Given, A = {1, 9, 10}

B = {3, 4, 6 ,11, 12}

C = {2, 5, 6}

To find A U(BnC) :

BnC = {3, 4, 6, 11, 12} n {2, 5, 6}

BnC = {6}

A U(BnC) = {1, 9, 10} U {6}

A U(BnC) = {1, 6, 9, 10} 

So, option (b) is correct.

Problem 2 :

Out of 2000 employees in an office 48% preferred coffee(c), 54% liked tea(T), 64% used to smoke (S). Out of the total 28% used C and T, 32% used T and S and 30% preferred C and S, only 6% did none of these.
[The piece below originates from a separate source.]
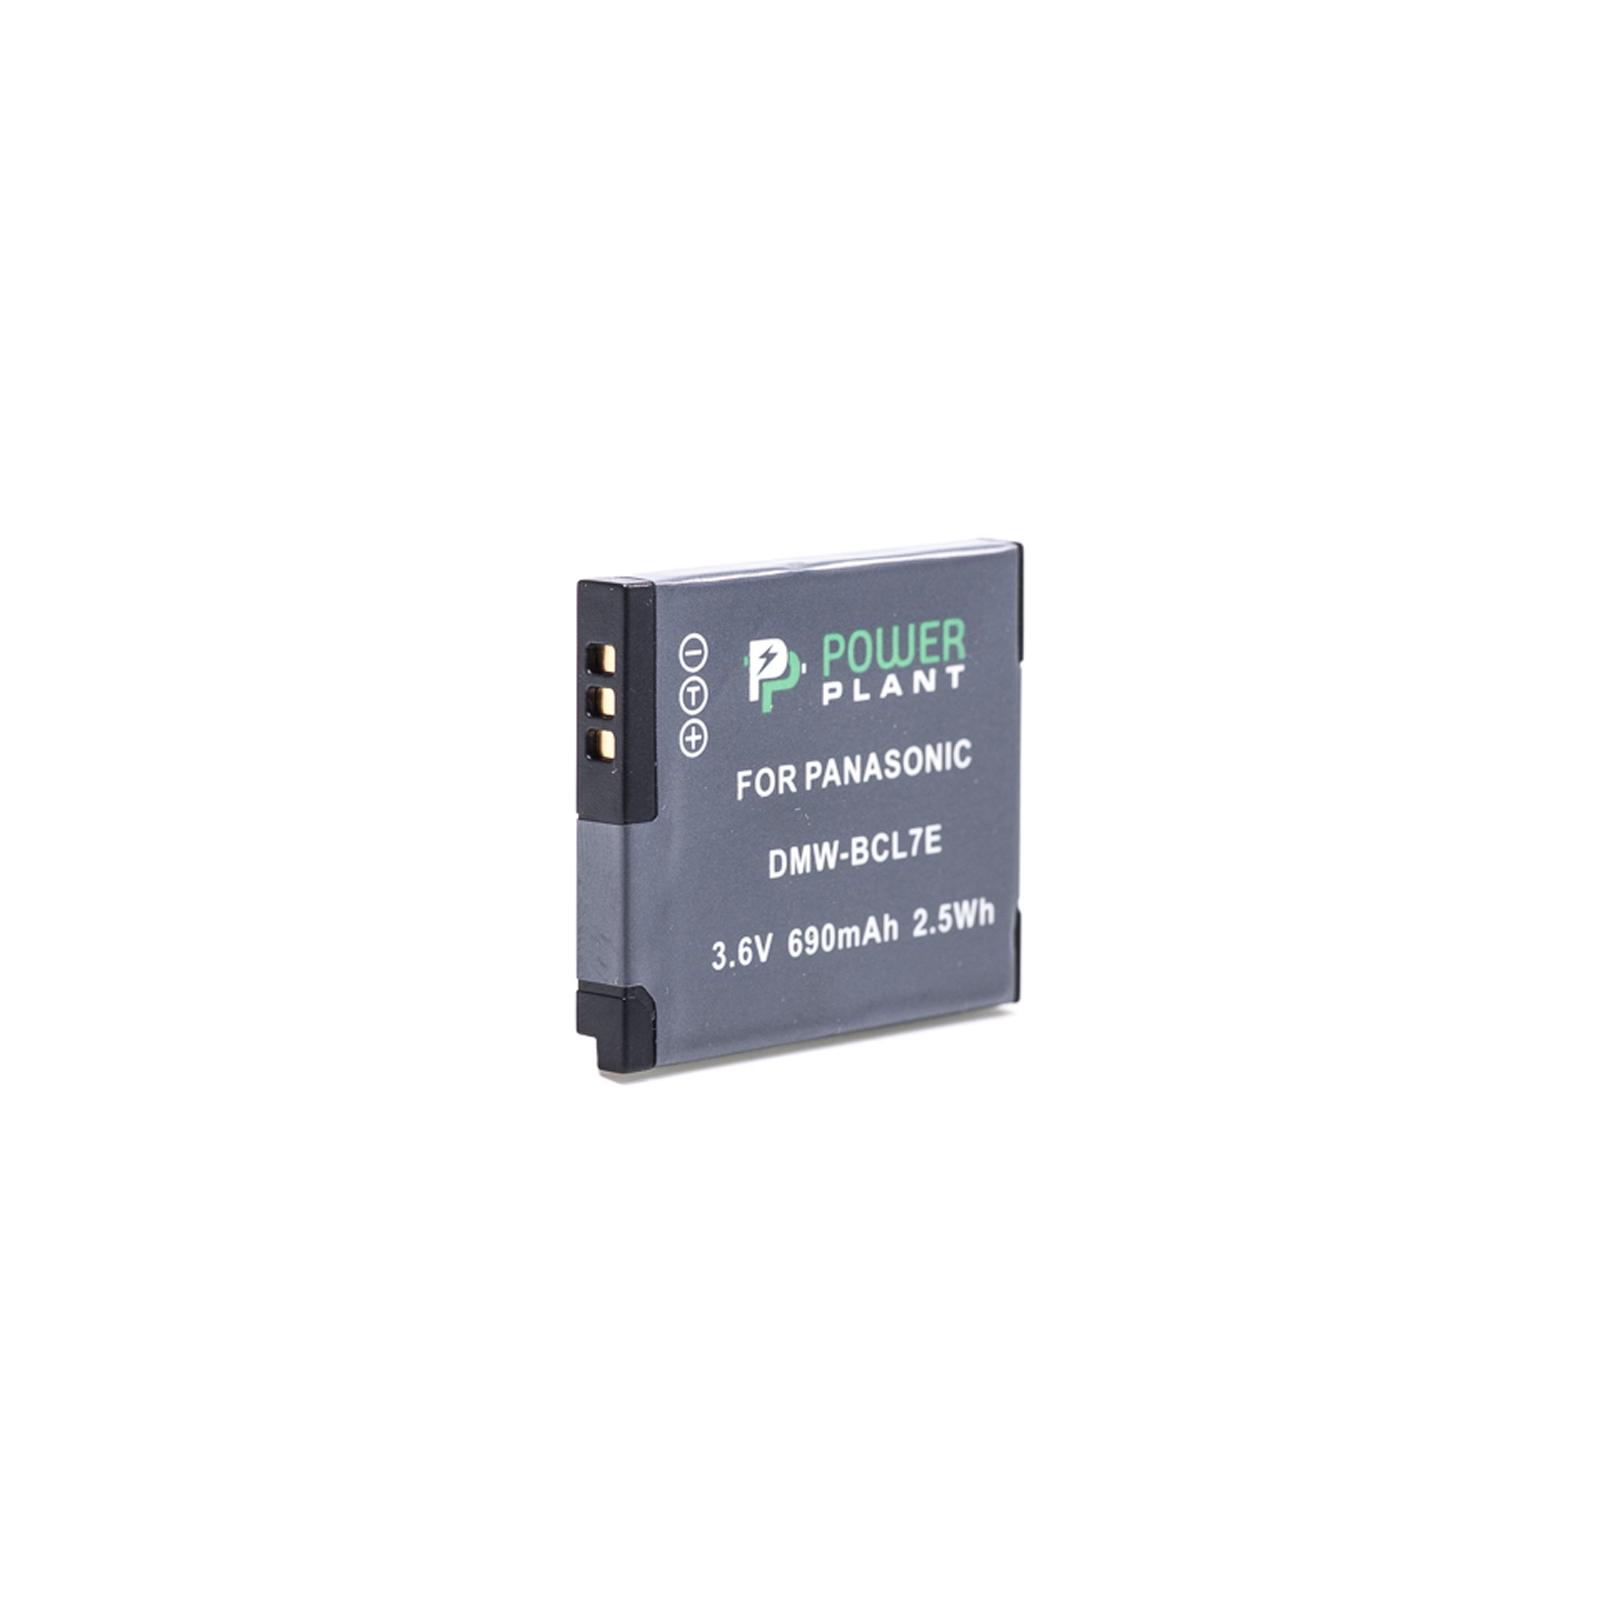 Аккумулятор к фото/видео PowerPlant Panasonic DMW-BCL7E (DV00DV1380) изображение 2

The number having all the three is/

(a) 360       (b) 380     (c)  300    (d) None

Solution :

Total employees = 2000

n(C) = 48%

= (48/100) × 2000

= 960

n(T) = 54%

= (54/100) × 2000

= 1080

n(S) = 64%

= (64/100) × 2000

= 1280

 n(C n T ) = 28%

= (28/100) × 2000

= 560

n(T n S ) = 32%

= (32/100) × 2000

= 640

n(C n S ) = 30%

= (30/100) × 2000

= 600

n(C n S U T) = 6%

= (6/100) × 2000

= 120

 n(C U S U T) = 2000 - 120

= 1880

n(C U S U T) = n(C) + n(S) + n(T) - n(C n S) - n(S n T) - n(C n

T) + n(C n S n T) 

1880 = 960 + 1280 + 1080 - 600 - 640 - 560 + n(C n T n S) 

n(C n s n T) = 360 

Hence, number of people having all three is 360.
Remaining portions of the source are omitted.